The final AI capacity that militaries are interested in is mass surveillance. This is probably the most developed area to date. Already, AI is being used to scan and analyse footage from millions of drones and CCTV cameras around the world—searching for patterns and tracking particular faces at a scale and speed that no human can. Particularly when combined with the potential use of autonomous weapons, drone swarms and so on, AI-enhanced surveillance has a worrying potential to assist military attacks—whether on those deemed “enemy combatants” on an international or domestic level.

Many scientists have warned against AI’s use by militaries, and particularly autonomous weapons. Thousands of AI and robotics researchers have signed an open letter, initiated in 2015, demanding a UN ban on killer robots to avoid a global AI arms race.

Unfortunately, this arms race is already well underway. The Pentagon is in a self-described “sprint” to catch up with China’s AI capabilities. In July, US Defense Secretary Lloyd Austin announced a new US$1.5 billion investment to accelerate the military adoption of AI over the next five years. A new sense of urgency was added in September, when the Pentagon’s chief software engineer Nicolas Chaillan resigned in protest, arguing that the US was losing the AI arms race.

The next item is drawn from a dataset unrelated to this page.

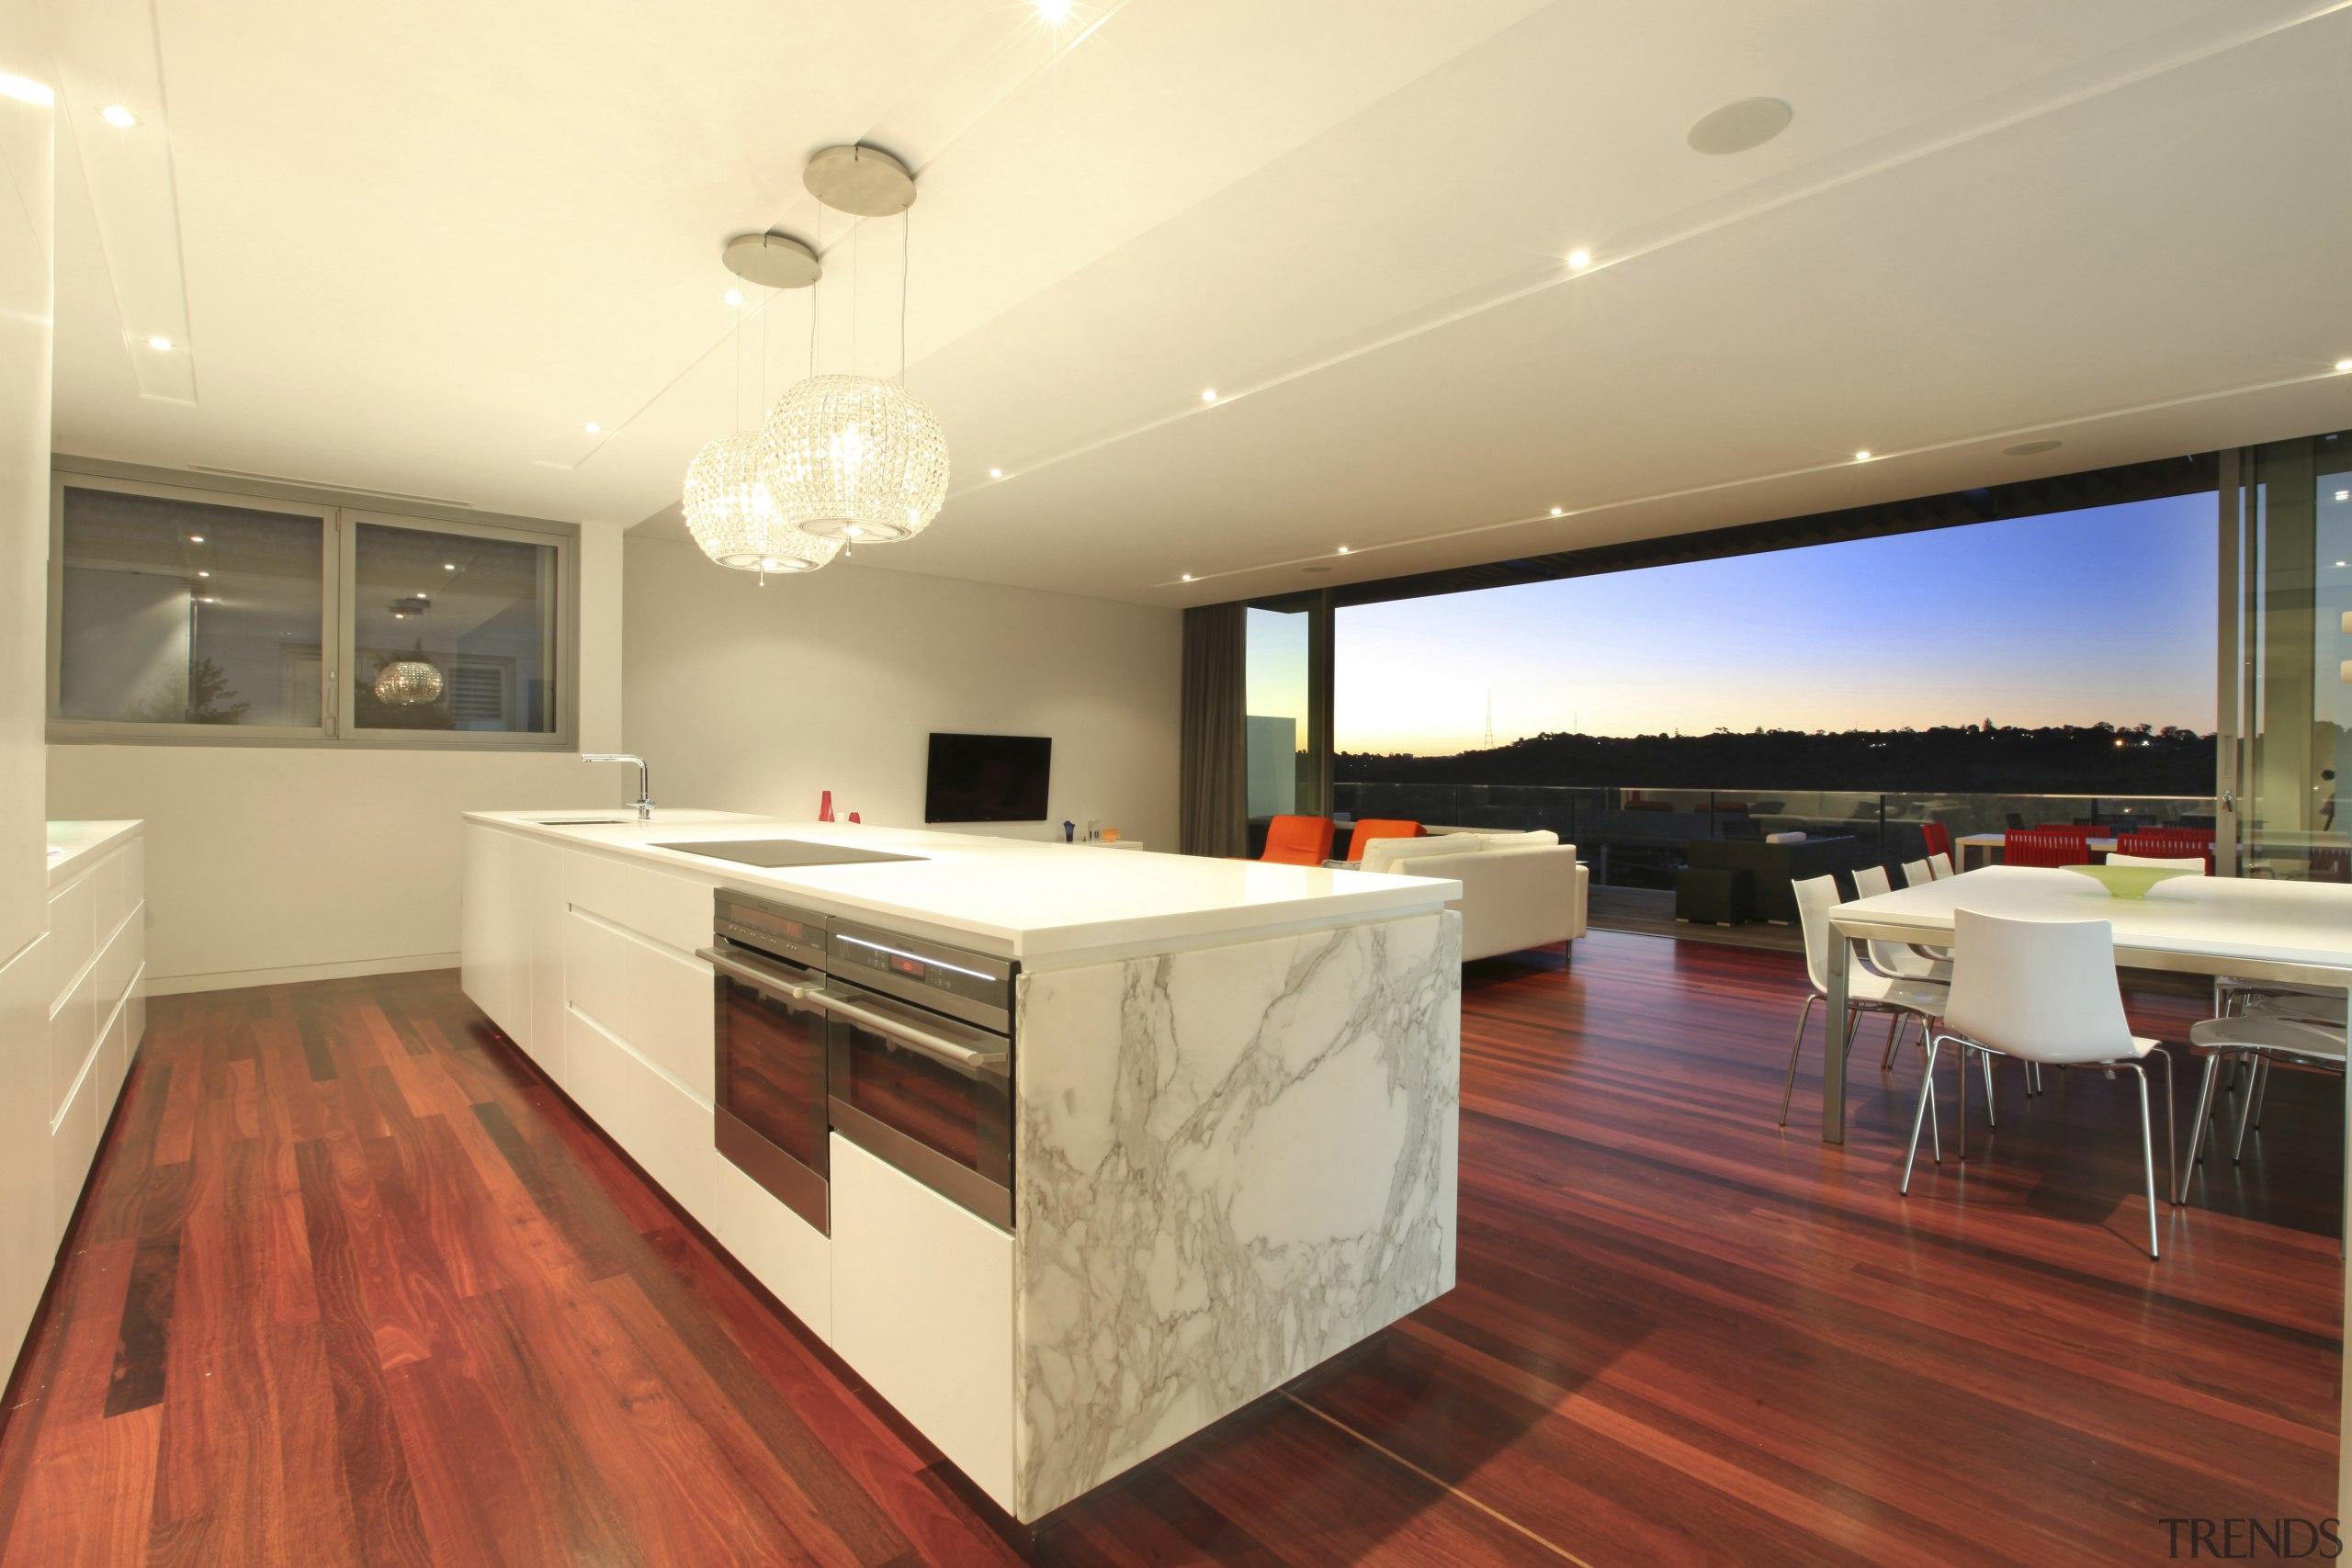 Kitchen with marble island top and wooden flooring. architecture, ceiling, countertop, floor, flooring, hardwood, interior design, kitchen, real estate, wood flooring, orange, red

Despite the rapid development of AI technology in the past decade, it’s important to note that it still has major limits. Robots are still far from rivalling the abilities of human brains. They often fail to understand new problems or circumstances foreign to their coding or prior “experience”. Autonomous systems used by militaries today almost always involve humans in decisions to target and kill. There are big question marks about how much trust authorities are prepared to place in autonomous systems.

Nobody knows exactly how AI could shape a future war. But we shouldn’t expect the fully-automated conflict imagined in some science fiction. There is a good reason why China has built the world’s largest standing army, and why fully-staffed US submarines and aircraft carriers surround China’s coast.

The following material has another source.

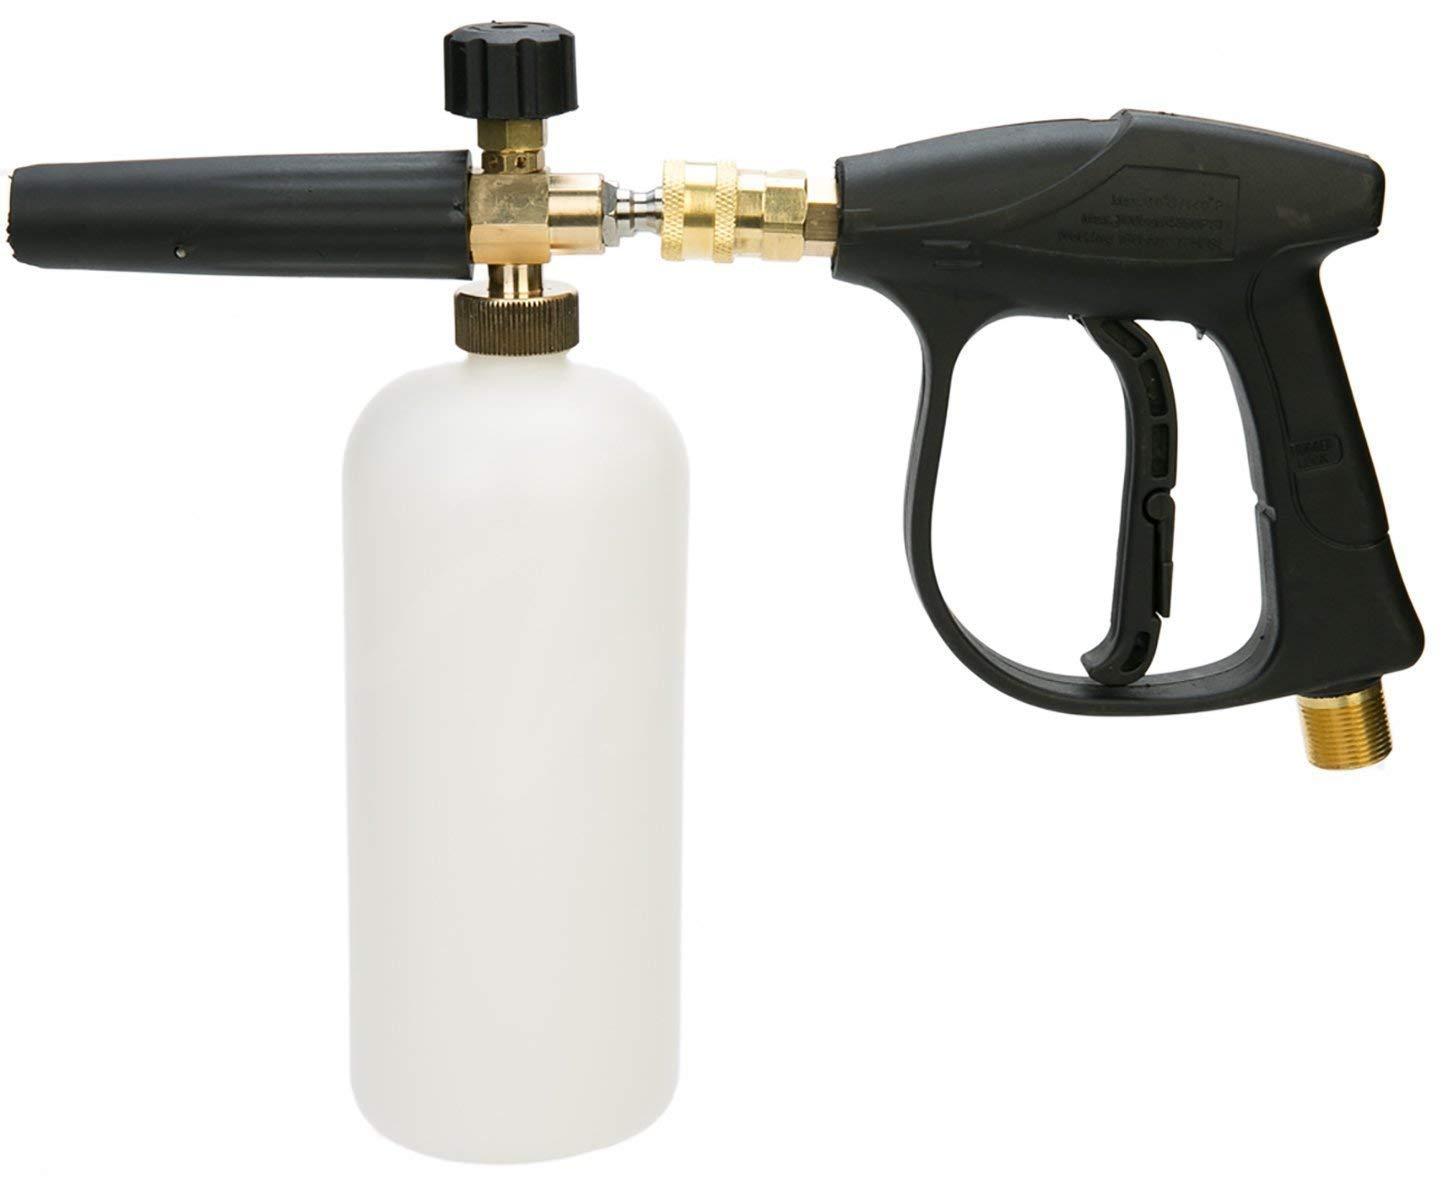 Automobiles & Motorcycles 1l High Pressure Foam Gun Water Bottle Quick Release Professional Foam Generator Car Washer Car Washer

Nor does new technology make military hierarchies all-powerful or immune to insubordination. It can introduce new instabilities, as well as avenues for resistance. We got a small glimpse of this in 2018, when thousands of Google workers protested against the company’s participation in the Pentagon’s Project Maven, which used AI to interpret drone footage and assist air strikes. Their rebellion forced Google to drop the project.

AI enthusiasts point to the immense potential of this technology to help create a more productive economy and a healthier society. But the promise of AI will be limited so long as its development occurs in the context of the violent and destructive dynamics of capitalism. Today, a large part of AI research and development is bound-up with the projects of competing military regimes. It is used above all for its destructive—not progressive—potential. Its development in the hands of imperialists should be opposed by socialists, just like the nuclear arms race of the 1950s and ‘60s.